Records excerpted from a collection:
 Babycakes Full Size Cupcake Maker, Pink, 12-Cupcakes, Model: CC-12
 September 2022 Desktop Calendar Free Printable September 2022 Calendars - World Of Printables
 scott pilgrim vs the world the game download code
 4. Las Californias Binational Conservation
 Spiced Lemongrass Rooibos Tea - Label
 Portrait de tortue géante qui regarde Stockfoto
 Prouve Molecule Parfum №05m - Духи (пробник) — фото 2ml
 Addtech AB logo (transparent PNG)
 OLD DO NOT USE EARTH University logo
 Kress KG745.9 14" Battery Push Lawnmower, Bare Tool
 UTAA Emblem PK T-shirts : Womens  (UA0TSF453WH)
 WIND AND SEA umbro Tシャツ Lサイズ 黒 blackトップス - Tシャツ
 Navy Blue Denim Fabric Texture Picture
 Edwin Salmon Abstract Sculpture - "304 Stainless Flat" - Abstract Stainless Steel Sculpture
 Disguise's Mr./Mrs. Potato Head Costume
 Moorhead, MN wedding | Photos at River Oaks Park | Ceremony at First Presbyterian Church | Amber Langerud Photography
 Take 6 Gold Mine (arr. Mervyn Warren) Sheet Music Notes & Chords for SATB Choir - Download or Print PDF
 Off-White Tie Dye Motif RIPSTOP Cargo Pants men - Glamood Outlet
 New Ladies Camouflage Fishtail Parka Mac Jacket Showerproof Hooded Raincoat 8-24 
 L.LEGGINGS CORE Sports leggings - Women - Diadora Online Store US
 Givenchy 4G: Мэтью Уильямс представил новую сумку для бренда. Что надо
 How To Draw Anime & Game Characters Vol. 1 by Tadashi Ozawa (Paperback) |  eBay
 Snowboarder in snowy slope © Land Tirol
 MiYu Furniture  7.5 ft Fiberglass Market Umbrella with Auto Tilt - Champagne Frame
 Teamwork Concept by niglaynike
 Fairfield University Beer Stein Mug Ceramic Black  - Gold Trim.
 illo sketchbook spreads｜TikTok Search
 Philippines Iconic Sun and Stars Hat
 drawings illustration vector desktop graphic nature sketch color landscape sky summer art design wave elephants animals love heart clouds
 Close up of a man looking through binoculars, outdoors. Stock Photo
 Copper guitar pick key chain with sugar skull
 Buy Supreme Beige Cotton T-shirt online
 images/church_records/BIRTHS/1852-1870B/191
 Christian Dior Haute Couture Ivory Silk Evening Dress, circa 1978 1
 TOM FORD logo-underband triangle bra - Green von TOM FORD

● AIM OF THE TASK:
From the line that has "Navy Blue Denim Fabric Texture Picture" through the line that has "Givenchy 4G: Мэтью", copy every line exactly as it appears above, and leave out all others.

● ANSWER TO THIS PROBLEM:
 Navy Blue Denim Fabric Texture Picture
 Edwin Salmon Abstract Sculpture - "304 Stainless Flat" - Abstract Stainless Steel Sculpture
 Disguise's Mr./Mrs. Potato Head Costume
 Moorhead, MN wedding | Photos at River Oaks Park | Ceremony at First Presbyterian Church | Amber Langerud Photography
 Take 6 Gold Mine (arr. Mervyn Warren) Sheet Music Notes & Chords for SATB Choir - Download or Print PDF
 Off-White Tie Dye Motif RIPSTOP Cargo Pants men - Glamood Outlet
 New Ladies Camouflage Fishtail Parka Mac Jacket Showerproof Hooded Raincoat 8-24 
 L.LEGGINGS CORE Sports leggings - Women - Diadora Online Store US
 Givenchy 4G: Мэтью Уильямс представил новую сумку для бренда. Что надо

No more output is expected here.